The Huffington Post, February 20, 2013
Wilborn Hampton
 
Wagner: Parsifal, Metropolitan Opera, 15. Februar 2013
 
A Modern New 'Parsifal' for the 21st Century
 
 
Few if any operas have aroused such fierce philosophical and religious debate as Parsifal, Wagner's last great work for the stage, and a new Metropolitan Opera staging with a stellar cast attempts to bring all its mysticism into some sort of coherent meaning for a modern audience.

Wagnerians around the world can decide for themselves to what extent the Canadian director Francois Girard succeeds in his new production on March 2 when the Met offers Parsifal as part of its Live in HD series via a simulcast to some 1,900 theaters in 64 countries.

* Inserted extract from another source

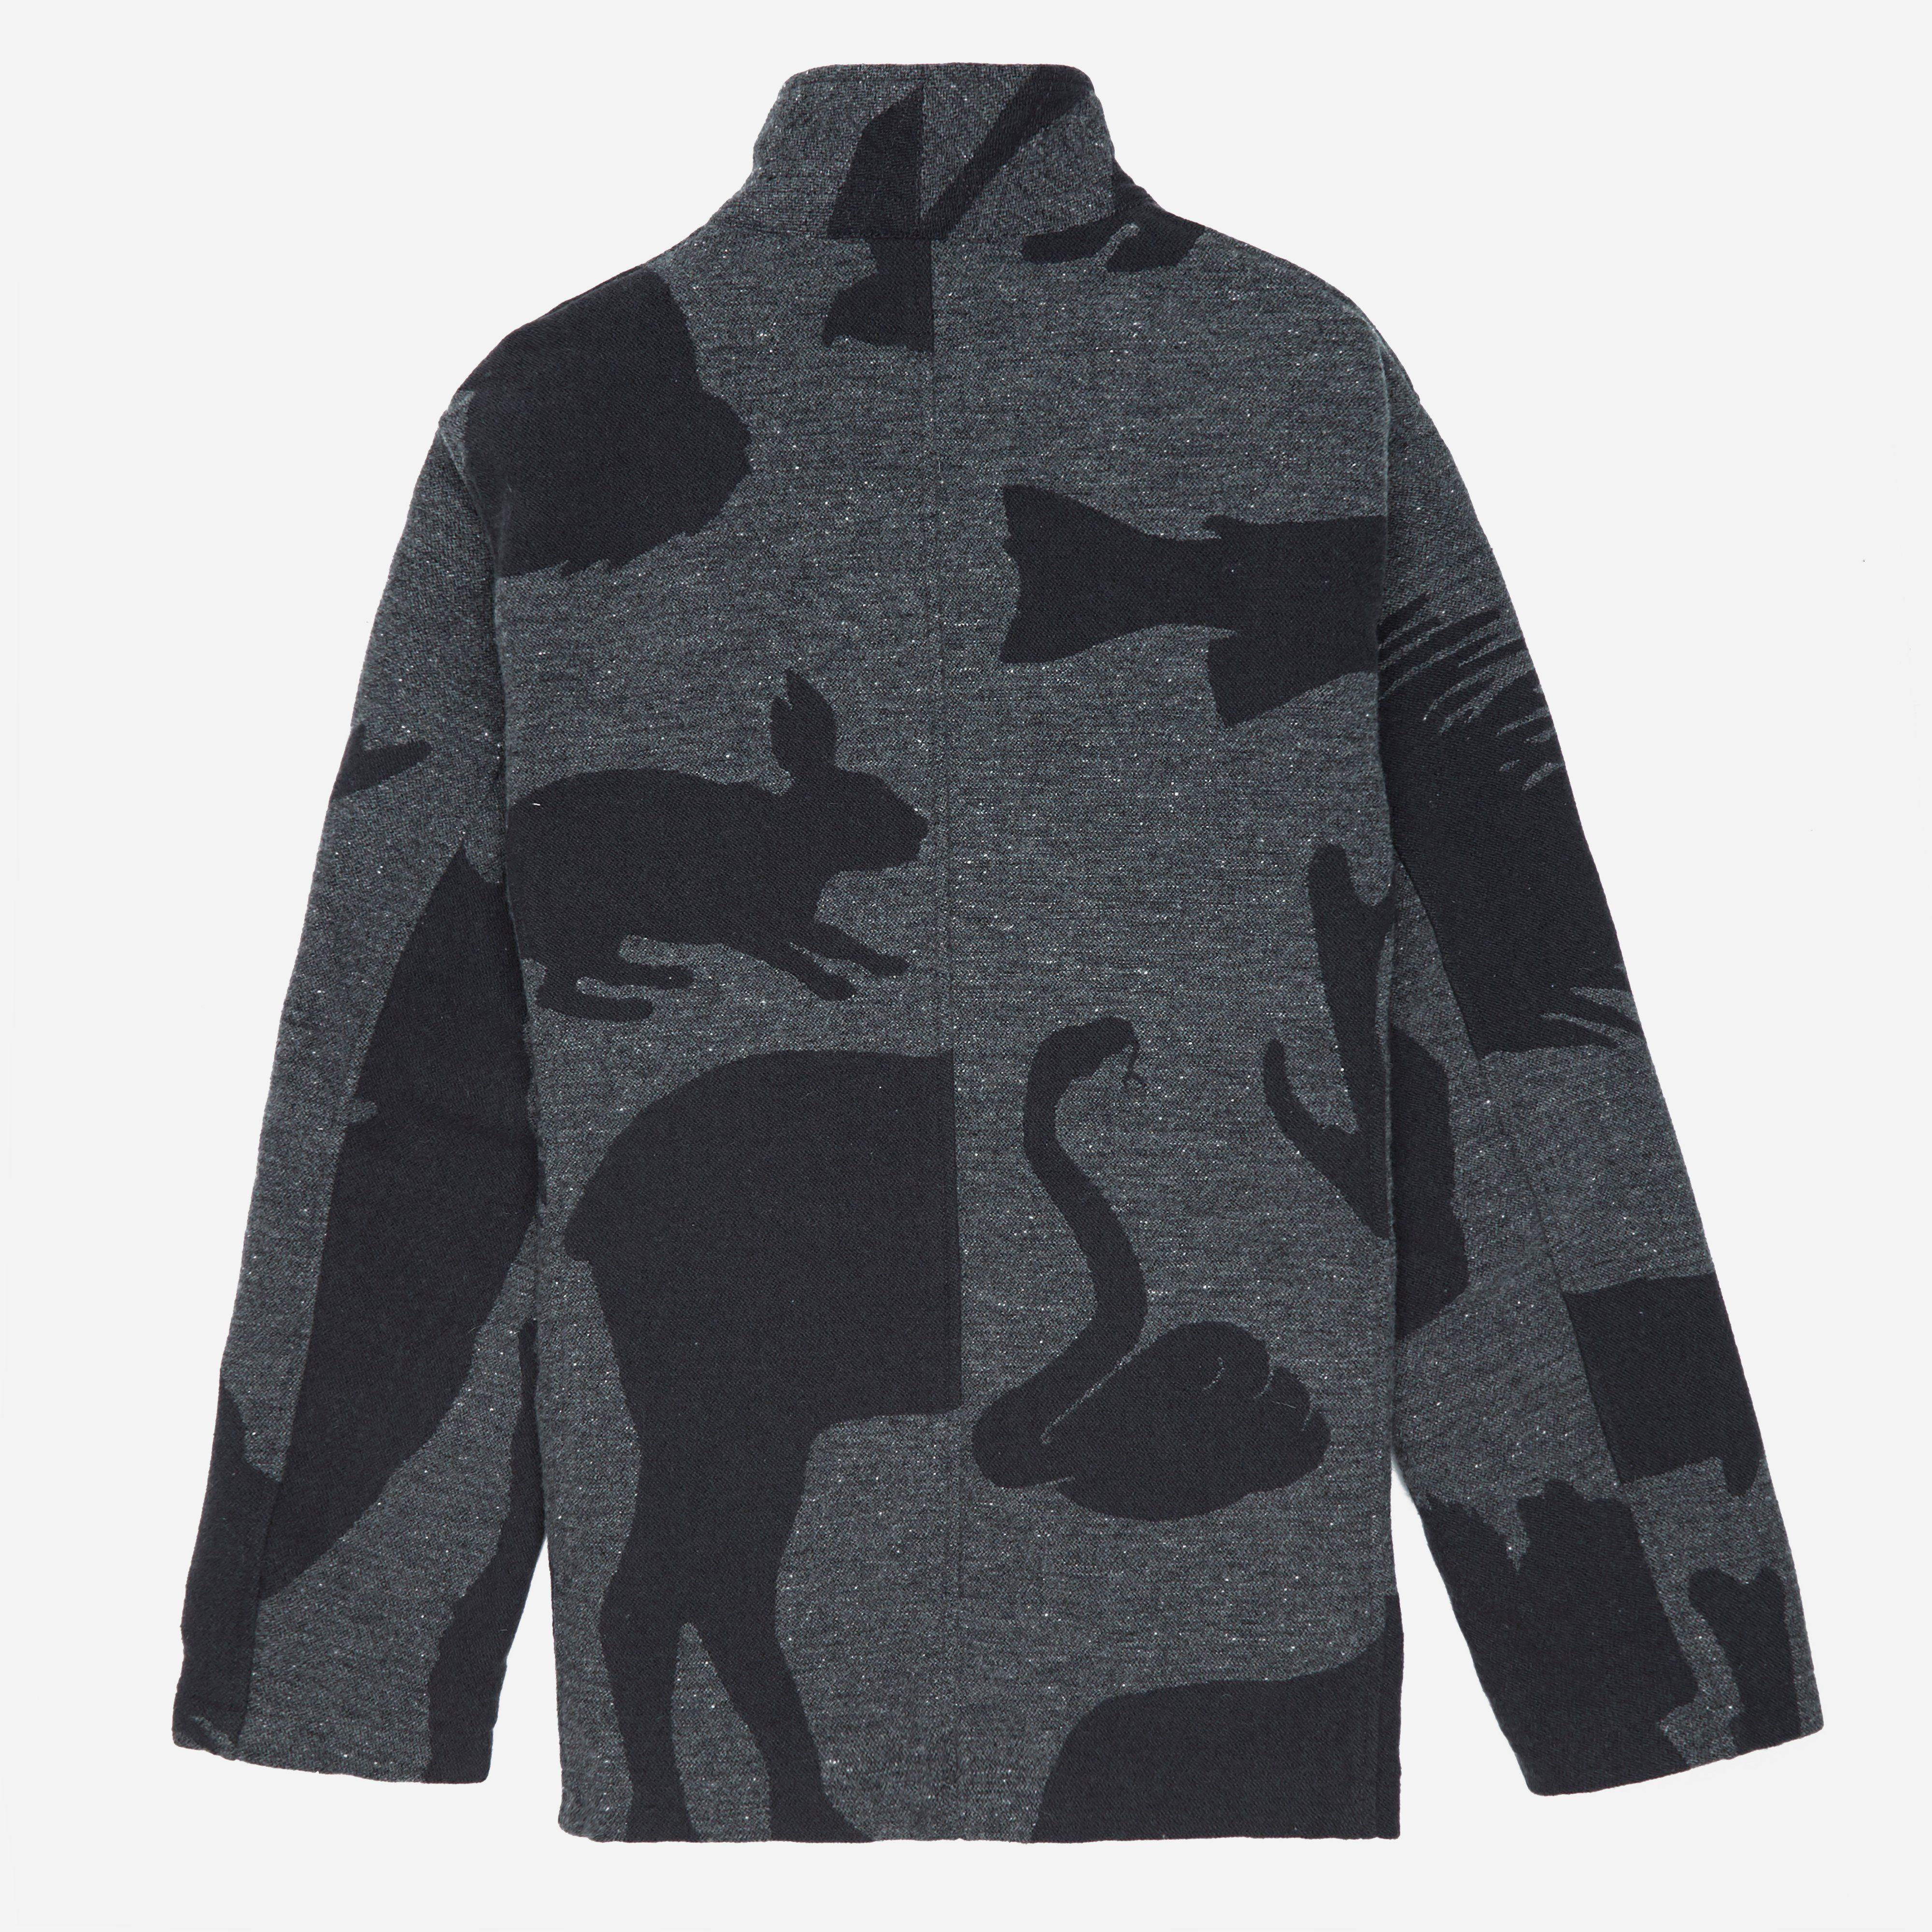 Engineered Garments Bedford Jacket - Animal Wool Jacquard

Vocally, the Met could not have assembled a better cast. The German tenor Jonas Kaufmann delivers a brilliant performance as Parsifal, subtly transforming the "pure fool" who wanders into the forest of Knights of the Holy Grail into their unlikely savior. Rene Pape, who is emerging as the reigning bass at the Met, sings the role of Gurnemanz with all the authority of an Old Testament prophet, and the Swedish soprano Katarina Dalayman displays remarkable vocal range as Kundry, the tortured double-agent of a temptress.

Peter Mattei as Amfortas and Evgeny Nikitin as Klingsor round out the excellent line-up of principals, and Daniele Gatti conducts the always splendid Met orchestra with a sense of both the passion and solemnity of Wagner's sublime score.

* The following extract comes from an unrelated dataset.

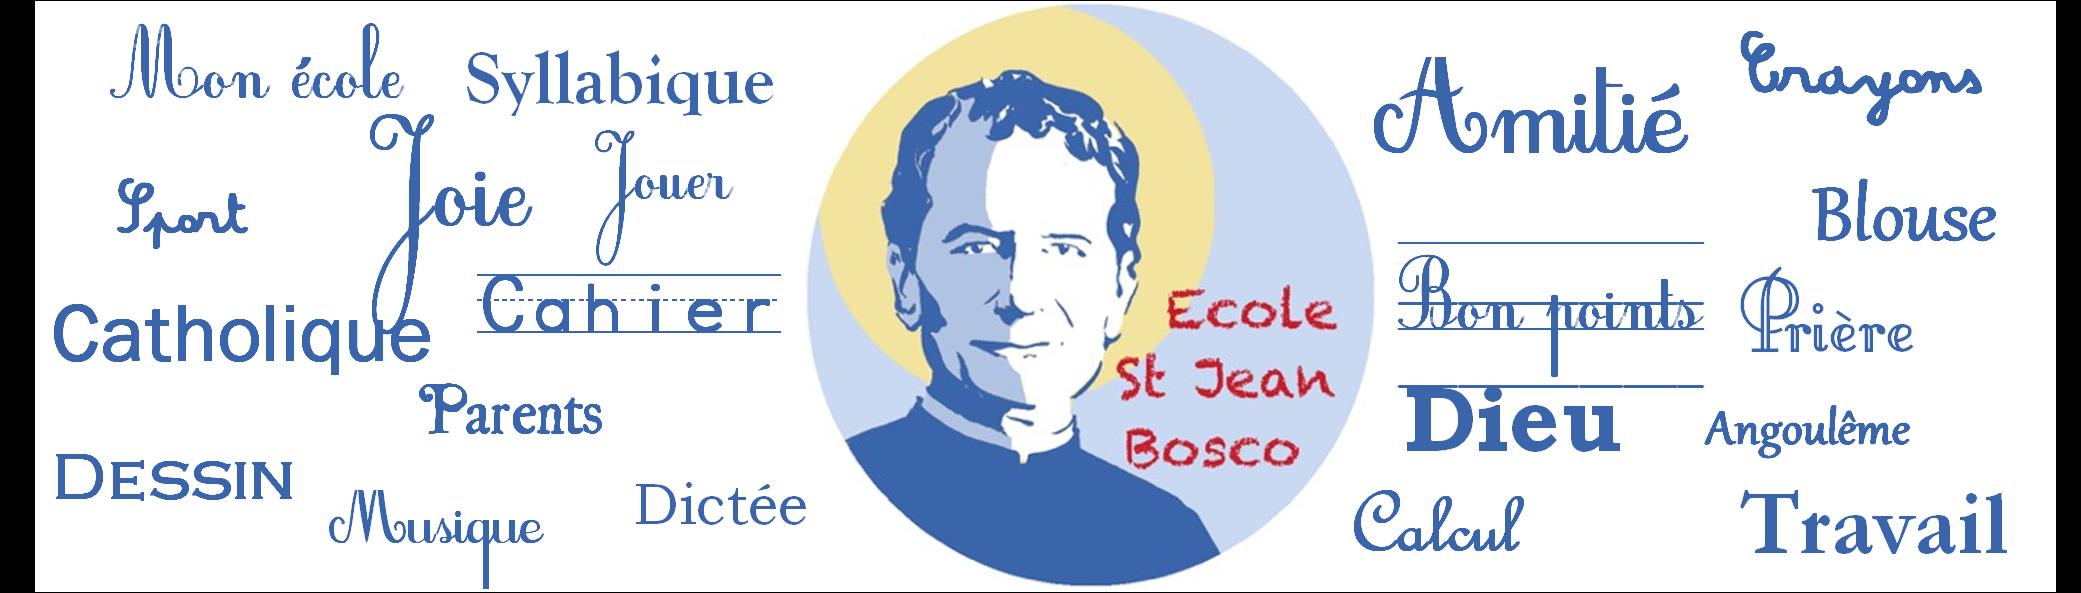 Ecole Saint Jean Bosco

From its first performance, to reopen the Bayreuth Festival Theater in 1882, Parsifal has been surrounded by controversy. Wagner himself called it a "stage consecrating festival play" rather than an "opera," and for more than two decades the festival was the only place it was performed. (It was the Metropolitan Opera who first staged in outside Bayreuth, on Christmas Eve, 1903.)

At heart, Parsifal is a celebration of the perennial renewal of hope that spring brings, a passage observed both in pagan rites and by most of the world's religions, and it is no accident that the opera is most often performed around the Easter season.

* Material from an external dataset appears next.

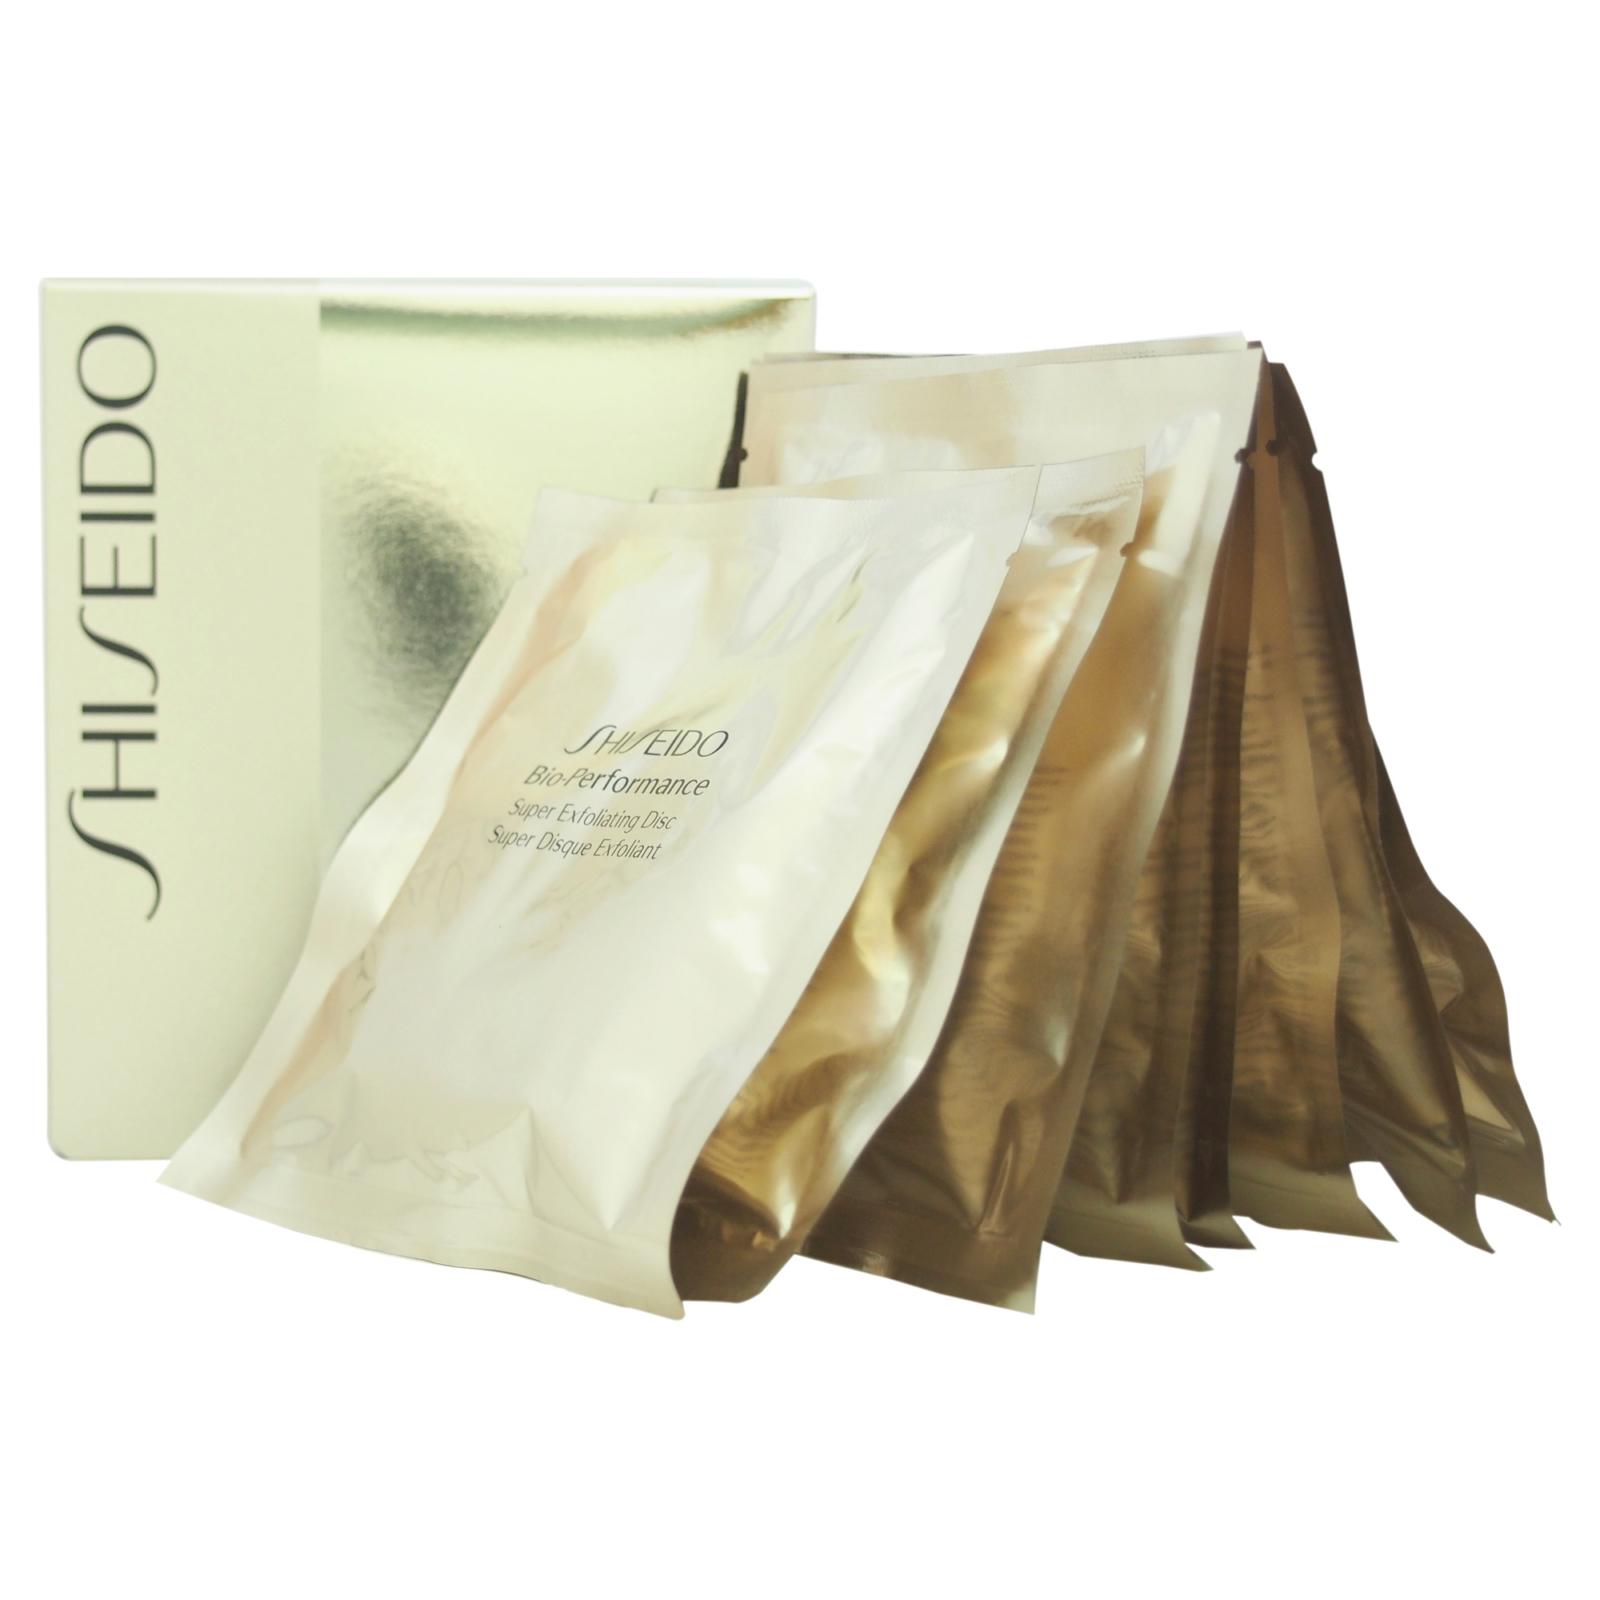 Shiseido Bio Performance Exfoliating Discs--8discs PartNumber: 07404593000P

The story, based on a long Medieval romantic poem, is basically a fable about redemption through compassion and renunciation. A young naïf goes on a quest, and by rejecting the sexual advances of a temptress experiences an epiphany that leads to salvation. But as with so many fables, especially those steeped in religion, the devil is in the details.

The plot centers around an order of knights charged with protecting the Holy Grail and the spear thrust into Jesus' side during the Crucifixion. Years earlier, however, the order's leader, Amfortas, was seduced by Kundry and lost the spear to Klingsor, a Mephistophelean character bent on destroying the knights. In the fray, Amfortas was run through by the spear and now suffers from an incurable wound. Enter Parsifal.

Observing the knights' ritual with the Grail, Parsifal is unmoved, yet he sets out to retrieve the spear. Arriving in Klingsor's evil kingdom, he is tempted first by a bevy of maidens, then Kundry herself. But when she kisses him, Parsifal feels a sudden empathy with Amfortas's suffering and rejects her advances. He grabs the lost spear and escapes.

Girard's concept for the new Met production begins to take shape even before a word is sung. During Wagner's magnificent Prelude, beautifully played by the Met orchestra under Gatti's baton, the knights gradually appear behind a scrim, stoically staring straight ahead, like occupants of the Grovers Corner graveyard in Our Town. Each takes off his shoes, socks, and coat, revealing identical white shirts. First they kneel, than rise, take chairs and form a circle. Raising their hands in some symbolic salute, they begin to pray. It is an eerie evocation of a sort of modern-day cult.

In a program interview, Girard says he sought to "rebalance" the depiction of Parsifal as a purely Christian story. "It also has a very distinct Buddhist and ... nihilist foundation," the last a reading of the libretto that Nietzsche, once an admirer of Wagner but later an implacable foe, might find laughable.

The staging by Girard and his tech team is nonetheless effective. The knights' forest has been rendered as a bleak, parched landscape that has languished from the loss of the spear. Klingsor's pleasure palace is a cavern that runs red with blood. And throughout, the sky is filled with turbulent storm clouds, alternating with patches of sunlight, despair alternating with hope, much like life itself.